The requests module can help us build the URLS and manipulate the URL value dynamically. Any sub-directory of the URL can be fetched programmatically and then some part of it can be substituted with new values to build new URLs.

Build_URL

以下示例使用 urljoin 获取 URL 路径中的不同子文件夹。urljoin 方法用于向基本 URL 添加新值。

The below example uses urljoin to fetch the different subfolders in the URL path. The urljoin method is used to add new values to the base URL.

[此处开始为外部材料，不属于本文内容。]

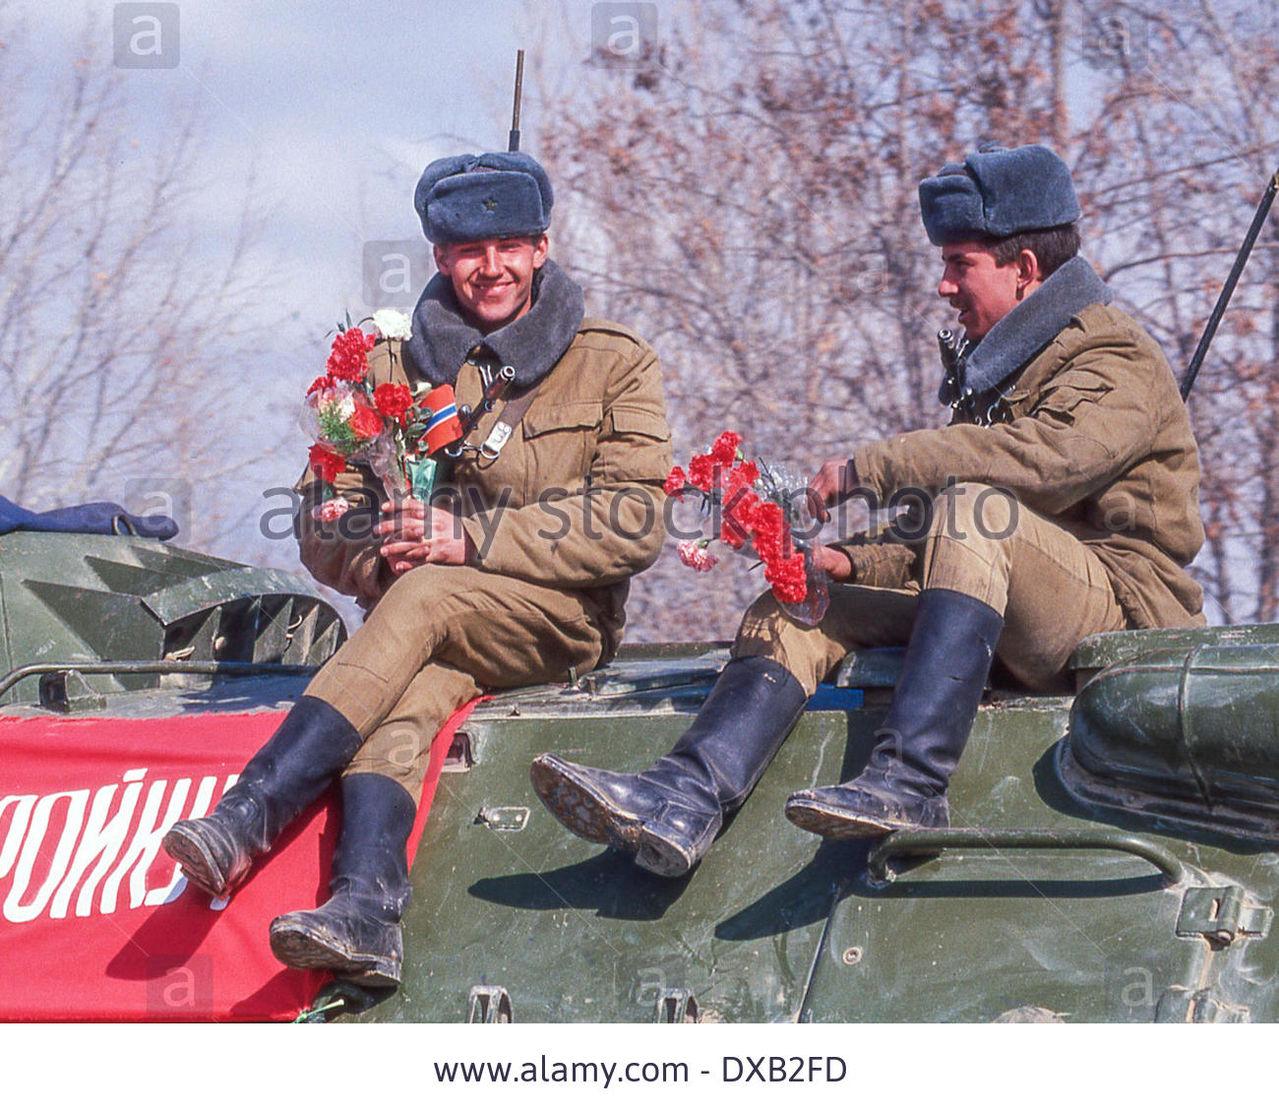 Soviet Afghanistan war - Page 5 Feb_17_1989_termez_uzbekistan_ru_holding_flowers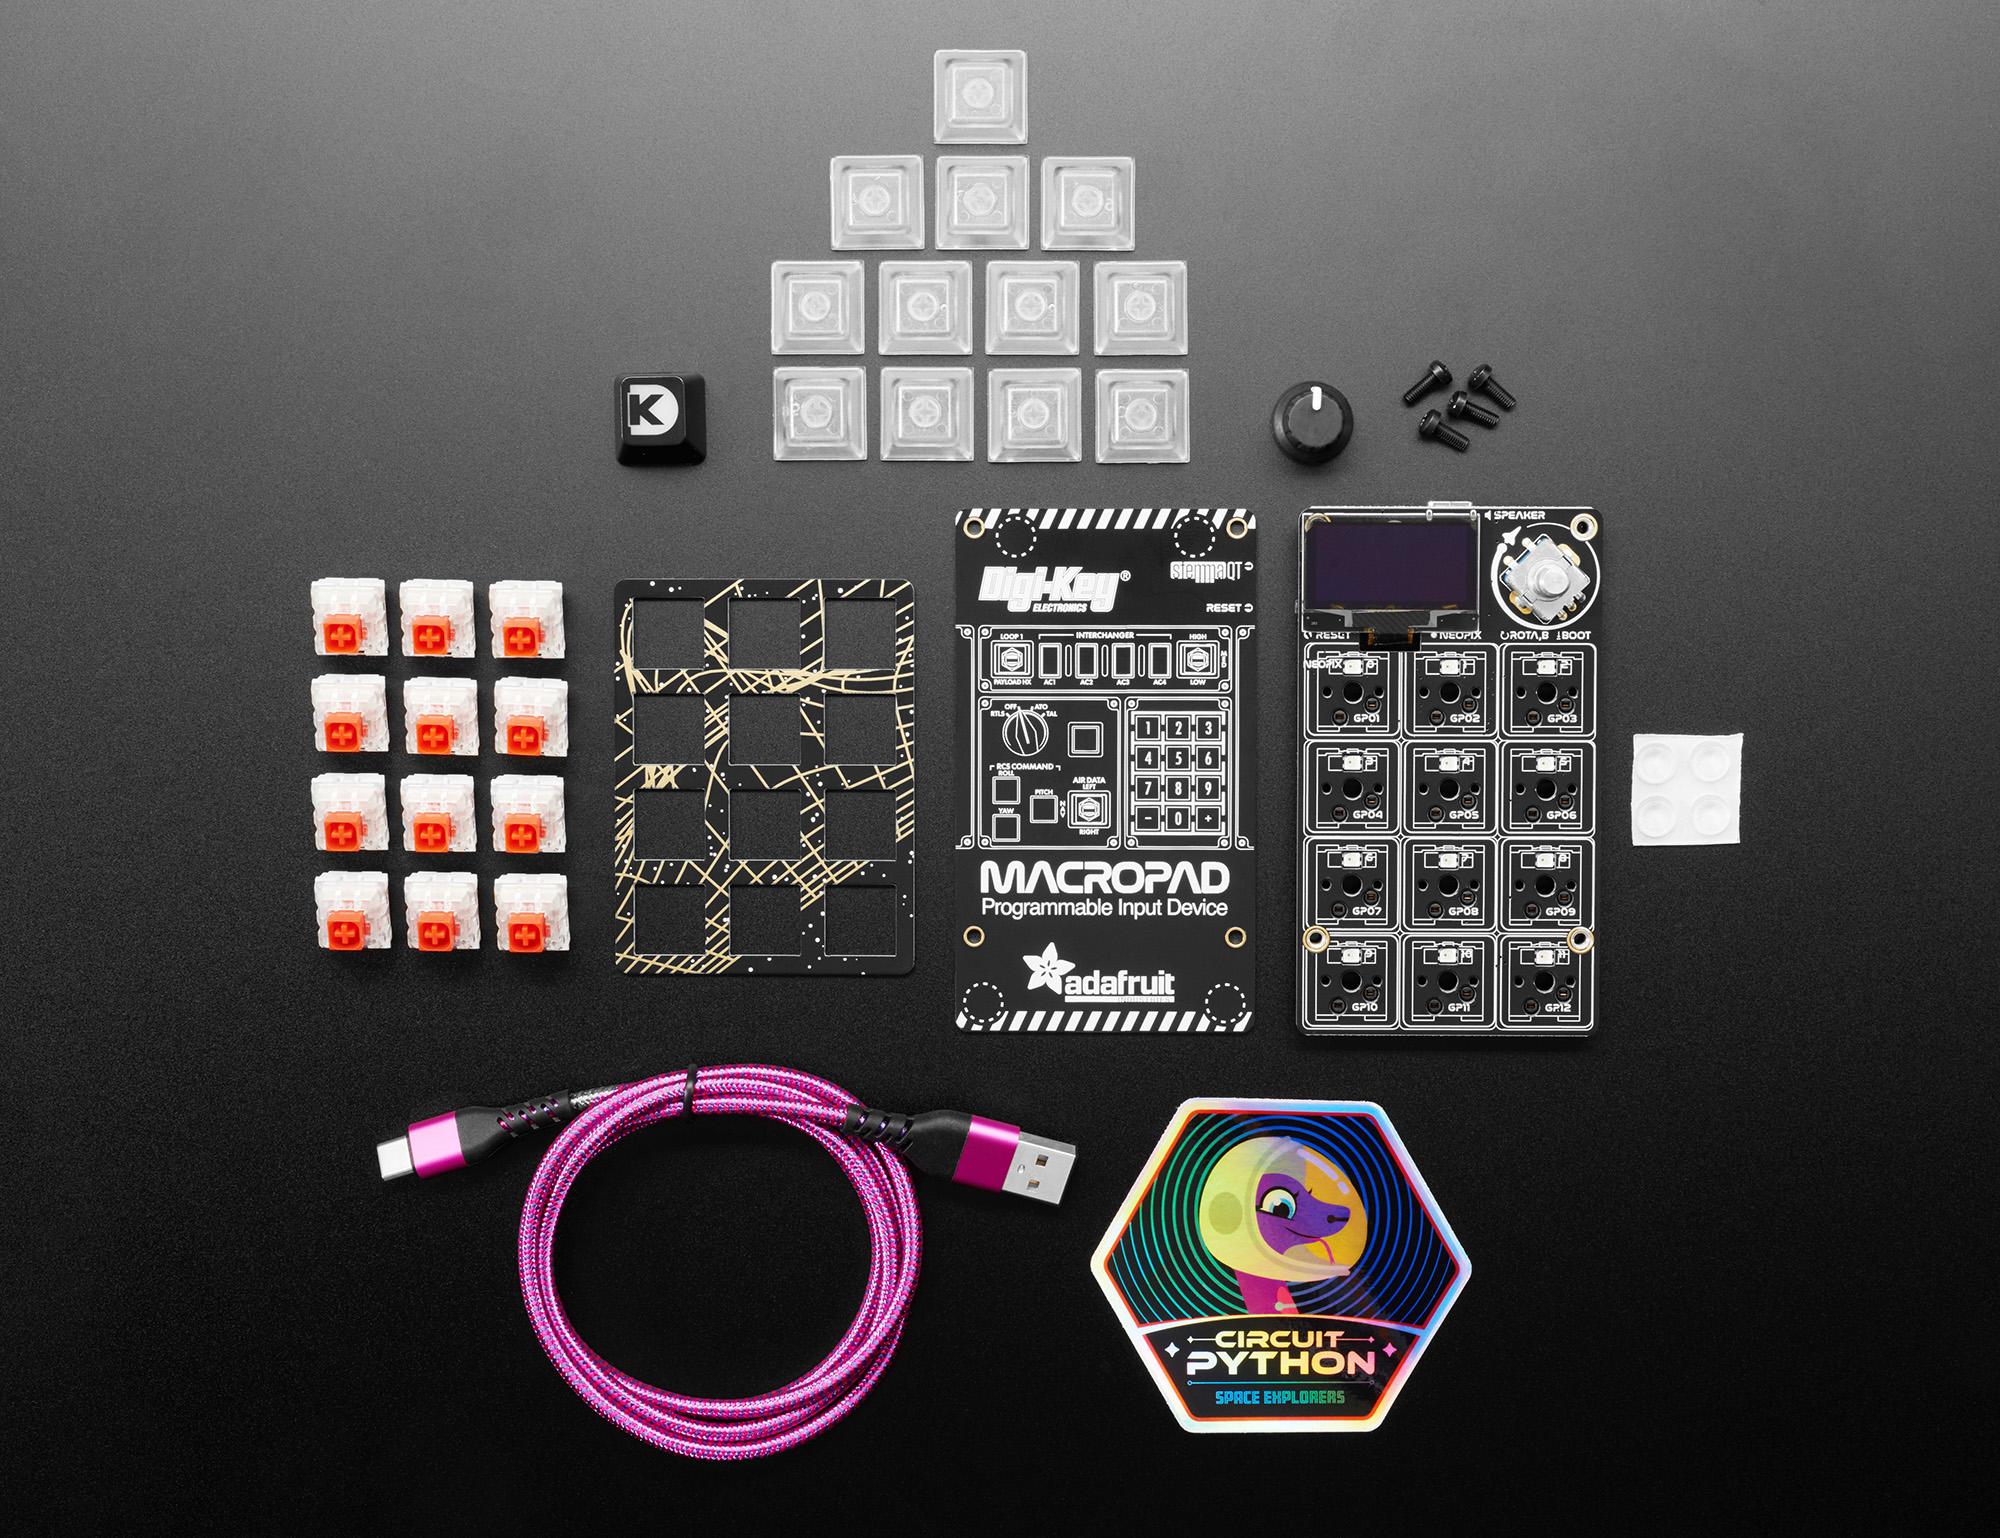 circuitpython_Adabox_19_kit_ORIG_2021_07_2k.jpg

from requests.compat import urljoin
base='https://stackoverflow.com/questions/3764291'
print urljoin(base,'.')
print urljoin(base,'..')
print urljoin(base,'...')
print urljoin(base,'/3764299/')
url_query = urljoin(base,'?vers=1.0')
print url_query
url_sec = urljoin(url_query,'#section-5.4')
print url_sec

当我们运行以上程序时,我们得到以下输出:

When we run the above program, we get the following output −

https://stackoverflow.com/questions/
https://stackoverflow.com/
https://stackoverflow.com/questions/...
https://stackoverflow.com/3764299/
https://stackoverflow.com/questions/3764291?vers=1.0
https://stackoverflow.com/questions/3764291?vers=1.0#section-5.4

Split the URLS

URL 还可以分割成主地址之外的许多部分。使用 urlparse 方法分隔用于特定查询或附加到 URL 的标签的其他参数,如下所示。

The URLs can also be split into many parts beyond the main address. The additional parameters which are used for a specific query or tags attached to the URL are separated by using the urlparse method as shown below.

from requests.compat import urlparse
url1 = 'https://docs.python.org/2/py-modindex.html#cap-f'
url2='https://docs.python.org/2/search.html?q=urlparse'
print urlparse(url1)
print urlparse(url2)

当我们运行以上程序时,我们得到以下输出:

When we run the above program, we get the following output −

ParseResult(scheme='https', netloc='docs.python.org', path='/2/py-modindex.html', params='', query='', fragment='cap-f')
ParseResult(scheme='https', netloc='docs.python.org', path='/2/search.html', params='', query='q=urlparse', fragment='')